Statins for Migraine Prevention

Andrea G. Scott, PharmD, MPH

Disclosures

September 12, 2016

Question

For patients who do not respond to first-line migraine prevention treatments, are statins an effective option?

 
Response from Andrea G. Scott, PharmD, MPH
Pharmacist, Stone Springs Hospital Center, Dulles, Virginia

Migraine headache is a common disorder; about 14% of US adults aged 18 years and older have experienced migraine or severe headache in the previous 3 months. Migraine is about twice as common in females than males (19.1% vs 9%), with the highest incidence occurring in women aged 18-44 years.[1]

Epidemiologic studies estimate that about 38% of patients with migraine need preventive therapy, but few patients (3%-13%) take prophylactic medications.[2] Current migraine prevention guidelines suggest antiepileptic drugs, including divalproex sodium, sodium valproate, and topiramate; and beta-blockers, including metoprolol, propranolol, and timolol, as first-line agents for migraine prevention. Frovatriptan is recommended for menstrually associated migraine.[3] Statin drugs are not recommended or mentioned in current guidelines.
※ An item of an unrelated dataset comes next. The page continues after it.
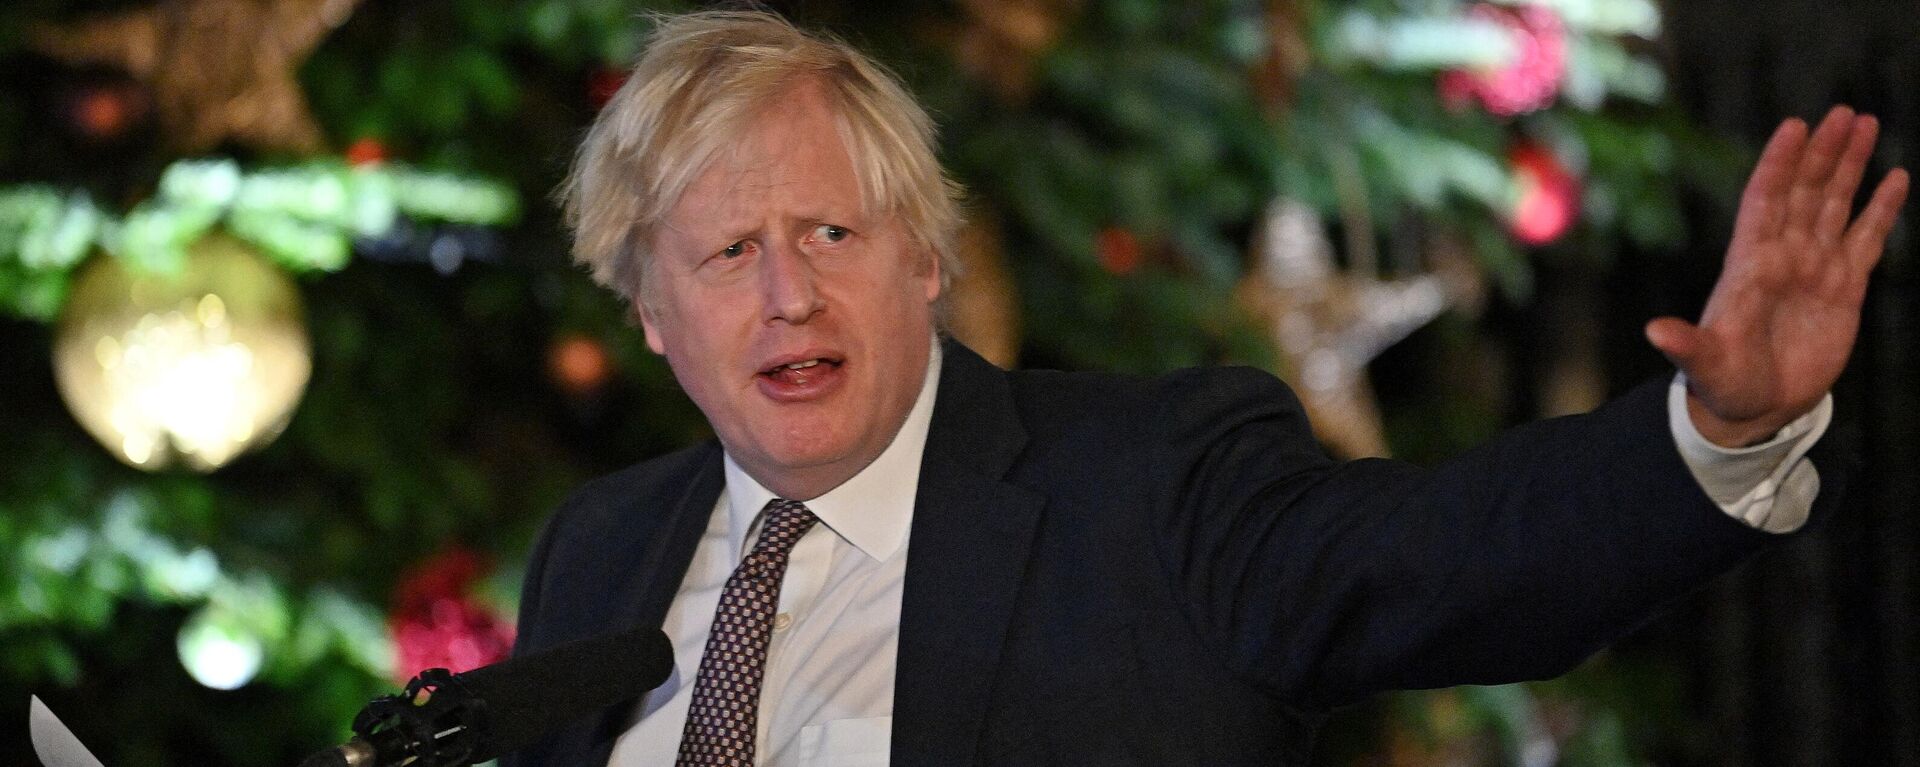 Britain's Prime Minister Boris Johnson makes a speech as he visits a UK Food and Drinks market set up in Downing Street, central London on November 30, 2021. (Photo by JUSTIN TALLIS / POOL / AFP) - Sputnik International, 1920, 10.12.2021

The potential use of statins for the prevention of migraine was first proposed in a case report a decade ago. A 58-year-old man was prescribed atorvastatin 20 mg daily for hypercholesterolemia. He had a history of recurrent typical aura with migraine (approximately two episodes per month) since he was 20 years old. After he began statin therapy, his migraine attacks disappeared.[4]
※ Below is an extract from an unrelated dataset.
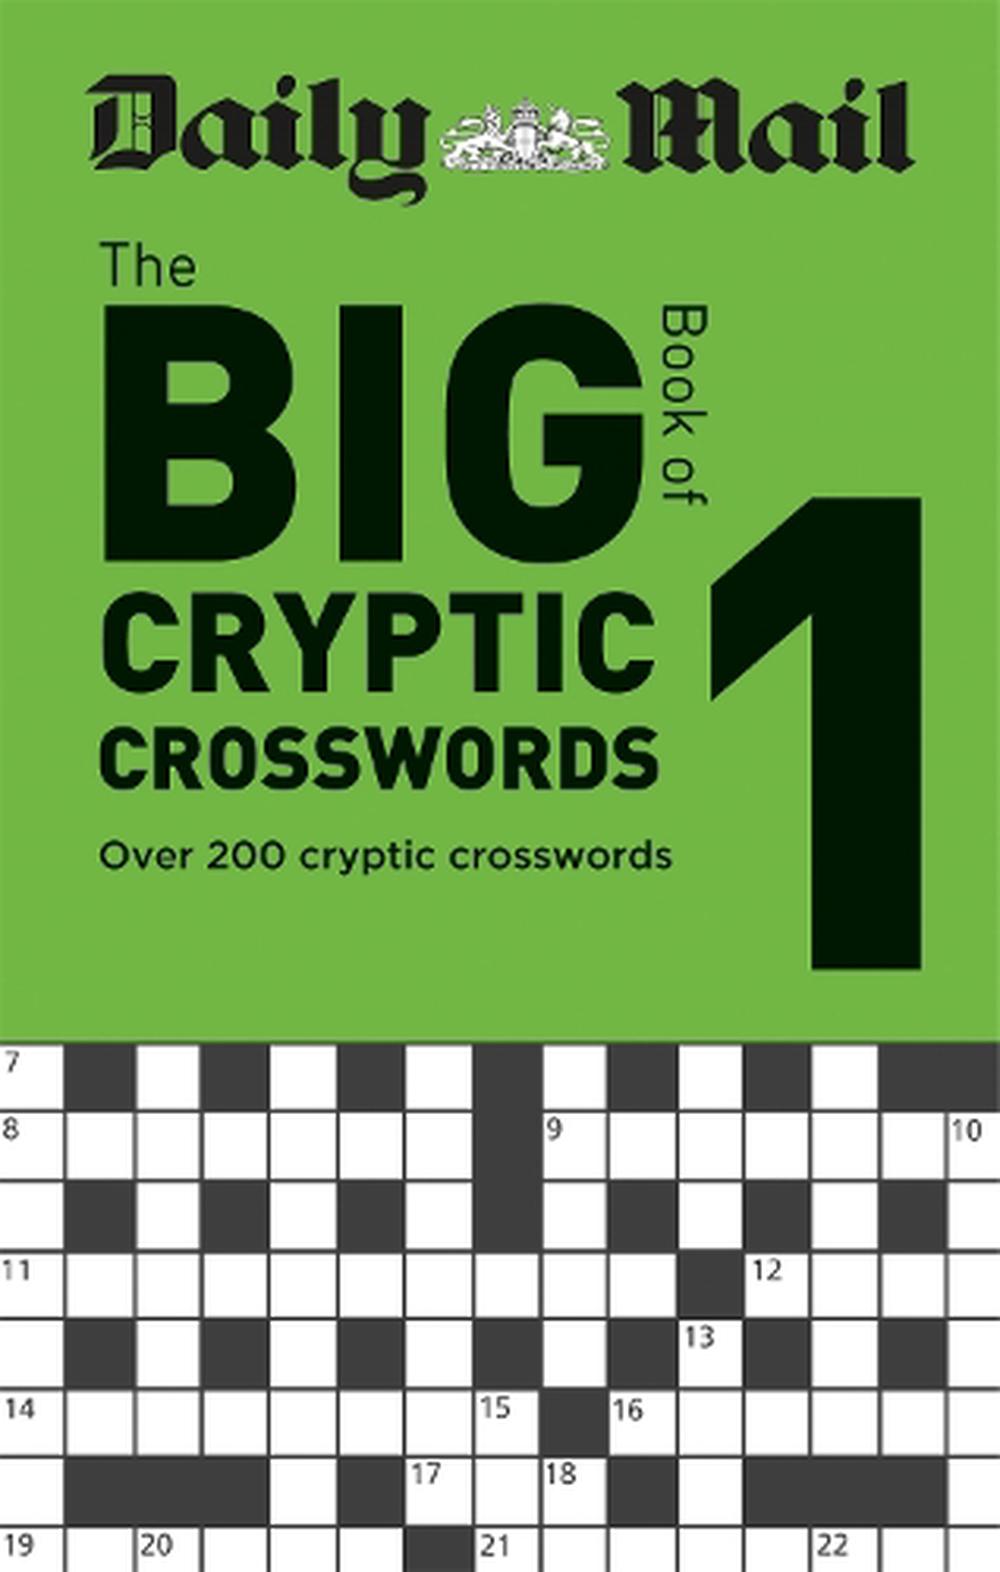 of　The　Big　9780600636304　Buy　Mail,　at　Daily　Mail　by　Crosswords　Daily　online　Book　Paperback,　Volume　Cryptic　Nile

An open-label study followed with propranolol 60 mg daily in women with more than six migraine attacks per month and simvastatin 20 mg in women with hyperlipidemia and more than six migraine attacks per month. Both drugs had a high efficacy (possibly owing to factors such as high expectation for cure); the response rate for propranolol was 88% with a 50% decrease in attacks and 83% for simvastatin.[5]

A cross-sectional population study of nearly 6000 people found that statin use was associated with a lower prevalence of severe headache or migraine (odds ratio [OR], 0.67; 95% confidence interval [CI], 0.46-0.98; P=.04). When the variable of vitamin D status was analyzed, statin use among participants who had a serum 25-hydroxy vitamin D level >57 nmol/L (22.8 ng/mL) had a much lower risk for severe headache or migraine with an adjusted OR of 0.48 (95% CI, 0.32-0.71, P=.001), while no association was found with people with lower vitamin D levels.[6]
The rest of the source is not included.